YOUR TASK » Print, from the listing below, the lines starting at the line containing "return on investment | Breakout" and ending at the line containing "Ant Mobility Funding", exactly as they stand, and print nothing else.

DATA FOR THIS TASK Block Start

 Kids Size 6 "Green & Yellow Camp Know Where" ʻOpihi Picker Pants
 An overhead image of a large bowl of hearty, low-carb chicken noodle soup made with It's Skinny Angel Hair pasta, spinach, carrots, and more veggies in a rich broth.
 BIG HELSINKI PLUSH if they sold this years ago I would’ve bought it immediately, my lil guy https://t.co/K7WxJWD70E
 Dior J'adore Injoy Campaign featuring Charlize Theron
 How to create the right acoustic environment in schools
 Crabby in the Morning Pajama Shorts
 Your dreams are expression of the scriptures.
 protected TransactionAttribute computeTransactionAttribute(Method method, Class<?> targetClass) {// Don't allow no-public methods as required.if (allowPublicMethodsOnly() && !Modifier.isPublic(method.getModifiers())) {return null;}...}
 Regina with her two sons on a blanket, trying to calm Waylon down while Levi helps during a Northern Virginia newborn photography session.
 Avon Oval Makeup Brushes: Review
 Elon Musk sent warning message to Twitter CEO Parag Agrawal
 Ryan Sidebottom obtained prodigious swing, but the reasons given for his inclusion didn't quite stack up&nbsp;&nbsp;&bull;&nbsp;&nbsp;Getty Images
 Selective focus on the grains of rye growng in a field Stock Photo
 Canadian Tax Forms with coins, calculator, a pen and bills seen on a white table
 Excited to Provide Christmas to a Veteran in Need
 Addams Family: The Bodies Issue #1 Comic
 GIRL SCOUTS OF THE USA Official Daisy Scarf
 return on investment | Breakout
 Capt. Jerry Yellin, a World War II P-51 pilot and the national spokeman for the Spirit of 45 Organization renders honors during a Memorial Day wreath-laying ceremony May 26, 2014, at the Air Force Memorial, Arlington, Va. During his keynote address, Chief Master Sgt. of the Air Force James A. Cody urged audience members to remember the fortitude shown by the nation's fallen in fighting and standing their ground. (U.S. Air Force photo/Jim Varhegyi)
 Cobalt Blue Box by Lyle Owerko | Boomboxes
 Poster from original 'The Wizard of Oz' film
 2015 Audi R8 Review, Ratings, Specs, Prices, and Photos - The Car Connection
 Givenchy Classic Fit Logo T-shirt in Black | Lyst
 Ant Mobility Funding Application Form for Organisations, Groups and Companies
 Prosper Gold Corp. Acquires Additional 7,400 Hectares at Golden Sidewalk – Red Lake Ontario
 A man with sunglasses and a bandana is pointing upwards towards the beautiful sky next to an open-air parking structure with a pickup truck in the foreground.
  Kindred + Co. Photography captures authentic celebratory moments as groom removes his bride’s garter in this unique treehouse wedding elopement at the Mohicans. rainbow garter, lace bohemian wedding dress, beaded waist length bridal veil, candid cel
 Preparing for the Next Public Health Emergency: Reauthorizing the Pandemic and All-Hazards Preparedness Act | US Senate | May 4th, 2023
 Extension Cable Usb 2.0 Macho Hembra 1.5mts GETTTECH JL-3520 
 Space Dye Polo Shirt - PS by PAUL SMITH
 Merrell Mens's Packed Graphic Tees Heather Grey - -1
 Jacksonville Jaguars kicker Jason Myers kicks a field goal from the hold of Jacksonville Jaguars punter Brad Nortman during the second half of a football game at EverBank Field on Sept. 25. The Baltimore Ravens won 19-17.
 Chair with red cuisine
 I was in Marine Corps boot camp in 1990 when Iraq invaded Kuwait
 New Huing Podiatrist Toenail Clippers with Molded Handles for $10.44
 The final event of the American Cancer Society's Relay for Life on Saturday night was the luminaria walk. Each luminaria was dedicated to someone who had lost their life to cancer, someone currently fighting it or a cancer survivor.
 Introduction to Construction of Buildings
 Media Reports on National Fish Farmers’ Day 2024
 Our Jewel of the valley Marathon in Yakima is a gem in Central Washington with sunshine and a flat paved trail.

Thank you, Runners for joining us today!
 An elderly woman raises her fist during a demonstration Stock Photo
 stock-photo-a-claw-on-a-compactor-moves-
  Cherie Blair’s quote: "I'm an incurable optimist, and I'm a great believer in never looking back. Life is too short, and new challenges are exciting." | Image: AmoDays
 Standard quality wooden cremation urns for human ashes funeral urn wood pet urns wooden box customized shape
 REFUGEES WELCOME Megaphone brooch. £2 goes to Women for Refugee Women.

DATA FOR THIS TASK Block End

TASK SOLUTION »
 return on investment | Breakout
 Capt. Jerry Yellin, a World War II P-51 pilot and the national spokeman for the Spirit of 45 Organization renders honors during a Memorial Day wreath-laying ceremony May 26, 2014, at the Air Force Memorial, Arlington, Va. During his keynote address, Chief Master Sgt. of the Air Force James A. Cody urged audience members to remember the fortitude shown by the nation's fallen in fighting and standing their ground. (U.S. Air Force photo/Jim Varhegyi)
 Cobalt Blue Box by Lyle Owerko | Boomboxes
 Poster from original 'The Wizard of Oz' film
 2015 Audi R8 Review, Ratings, Specs, Prices, and Photos - The Car Connection
 Givenchy Classic Fit Logo T-shirt in Black | Lyst
 Ant Mobility Funding Application Form for Organisations, Groups and Companies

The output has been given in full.